WORK ITEM: Please return the lines below verbatim, beginning at the one that has "FCC邀請陳浩天(圓圖)出席" and stopping after the one that has "fișei de pe", and add no other lines.

** Opening PROVIDED INFORMATION block **

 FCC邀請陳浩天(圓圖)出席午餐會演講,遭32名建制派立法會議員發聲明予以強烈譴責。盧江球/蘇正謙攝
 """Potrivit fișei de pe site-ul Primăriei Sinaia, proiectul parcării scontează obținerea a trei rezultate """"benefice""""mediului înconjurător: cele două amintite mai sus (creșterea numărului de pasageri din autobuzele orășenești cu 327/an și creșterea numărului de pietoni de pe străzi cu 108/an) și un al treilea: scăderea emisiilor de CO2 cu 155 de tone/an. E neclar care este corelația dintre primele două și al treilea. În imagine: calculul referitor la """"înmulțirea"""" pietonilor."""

** Closing PROVIDED INFORMATION block **
** Opening PROVIDED INFORMATION block **

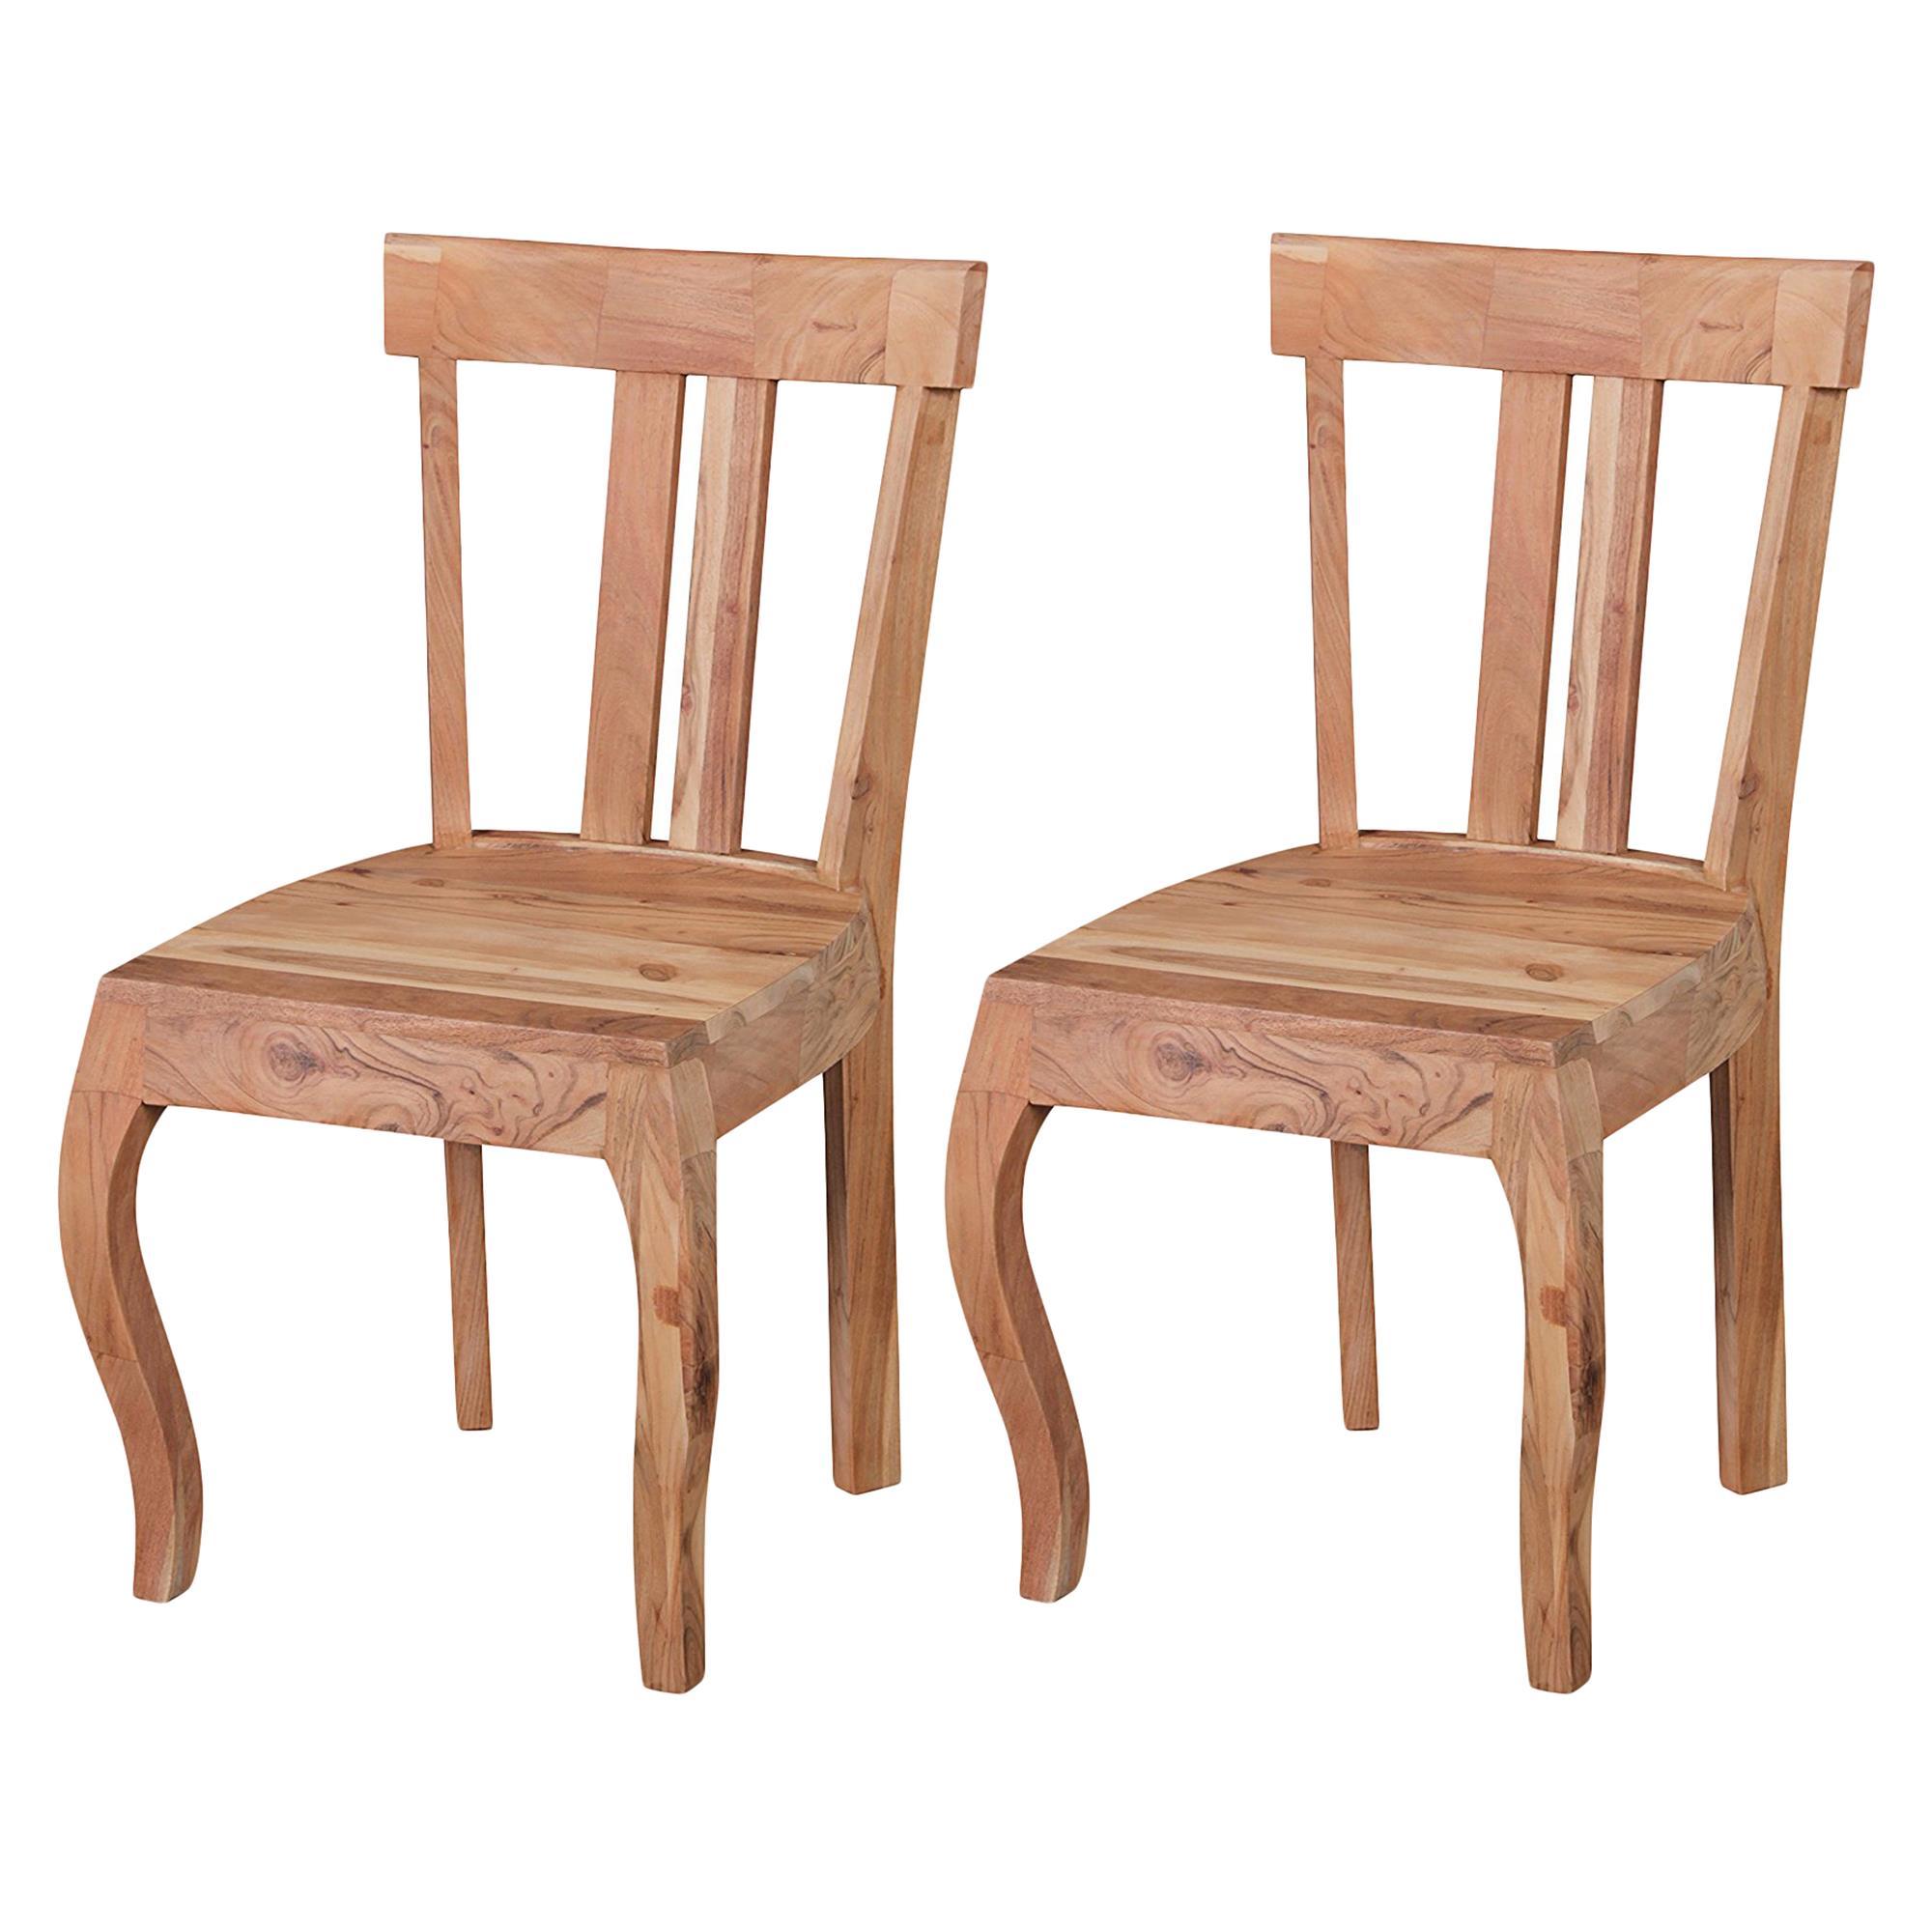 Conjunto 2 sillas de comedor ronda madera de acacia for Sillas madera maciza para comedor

** Closing PROVIDED INFORMATION block **

ANSWER:
 FCC邀請陳浩天(圓圖)出席午餐會演講,遭32名建制派立法會議員發聲明予以強烈譴責。盧江球/蘇正謙攝
 """Potrivit fișei de pe site-ul Primăriei Sinaia, proiectul parcării scontează obținerea a trei rezultate """"benefice""""mediului înconjurător: cele două amintite mai sus (creșterea numărului de pasageri din autobuzele orășenești cu 327/an și creșterea numărului de pietoni de pe străzi cu 108/an) și un al treilea: scăderea emisiilor de CO2 cu 155 de tone/an. E neclar care este corelația dintre primele două și al treilea. În imagine: calculul referitor la """"înmulțirea"""" pietonilor."""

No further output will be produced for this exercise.